Multi-line prompts can be provided using shell quoting:
opencode -p 'Review this code:
- Check for bugs
- Suggest improvements
- Look for security issues'
--output-format
string
default:"text"
Specify the output format for non-interactive mode. Only applies when used with --prompt.Short form: -fSupported formats:
FormatDescriptionExample
textPlain text output (default)The answer is...
jsonResponse wrapped in JSON object{"response": "The answer is..."}
The JSON format is useful for:
  • Parsing responses programmatically
  • Integration with other tools
  • Structured data processing
  • API-like usage
# Text output (default)
opencode -p "Explain context in Go" -f text

# JSON output
opencode -p "Explain context in Go" -f json
$ opencode -p "What is Go?" -f text
Go is a statically typed, compiled programming language designed at Google...
--quiet
flag
default:"false"
Hide the spinner animation in non-interactive mode. Only applies when used with --prompt.Short form: -qBy default, OpenCode displays a spinner while processing your prompt.
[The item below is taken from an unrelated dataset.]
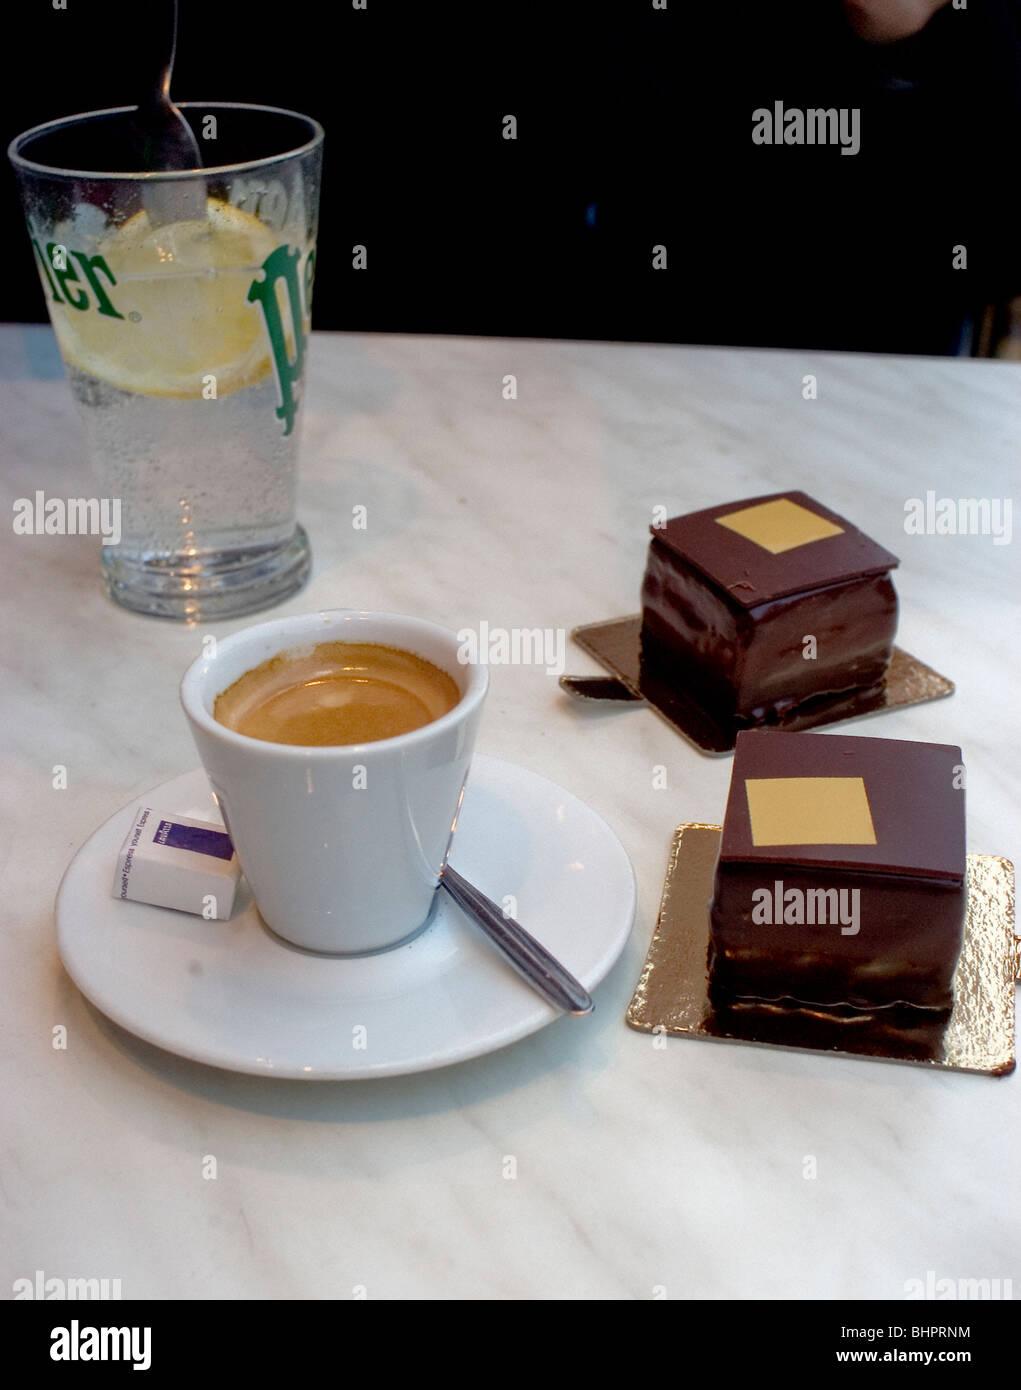 Paris, France, Close up Food, Luxury, Chocolate Cakes and Espresso Coffee , Pierre Hermé, - Stock Image

Use this flag to suppress the spinner when:
  • Running from scripts
  • Piping output to other commands
  • Using in automated workflows
  • Logging output to files
  • The spinner interferes with other terminal output
# With spinner (default)
opencode -p "Explain Go"

# Without spinner
opencode -p "Explain Go" --quiet
opencode -p "Explain Go" -q
Combine with --output-format json for clean, parseable output:
opencode -p "List Go features" -f json -q | jq '.response'

Flag combinations

Flags can be combined to achieve different behaviors:
# Launch TUI with debug logging
opencode -d

Flag precedence

When multiple configuration sources are present, OpenCode follows this precedence order:
  1. Command-line flags (highest priority)
  2. Environment variables
  3. Local config file (.opencode.json in working directory)
  4. Global config file (~/.opencode.json or ~/.config/opencode/.opencode.json)
  5. Default values (lowest priority)
For example, if debug is set in both the config file and via the -d flag, the flag takes precedence.

Boolean flags

Boolean flags like --debug, --quiet, and --help can be specified in multiple ways:
# These are equivalent
opencode --debug
opencode --debug=true
opencode -d

# Explicitly disable (rarely needed)
opencode --debug=false

Common patterns

Development workflow

# Start debugging in a project
opencode -d -c ~/my-project

Scripting

#!/bin/bash
# Script to get code review

project_dir="$1"
file_path="$2"

response=$(opencode -c "$project_dir" \
  -p "Review the code in $file_path for potential issues" \
  -f json -q)

echo "$response" | jq -r '.response'

CI/CD integration

# Use in GitHub Actions or other CI
opencode -p "Analyze test coverage" -f json -q > report.json

Quick queries

# Fast answers without launching TUI
alias ask='opencode -p'
ask "How do I use channels in Go?"

Tips

Use short forms for faster typing: -d instead of --debug, -p instead of --prompt, etc.
Combine with shell features: Use command substitution, pipes, and redirection:
opencode -p "$(cat prompt.txt)" -f json | jq
The --output-format and --quiet flags only apply in non-interactive mode (when using --prompt). They are ignored in interactive mode.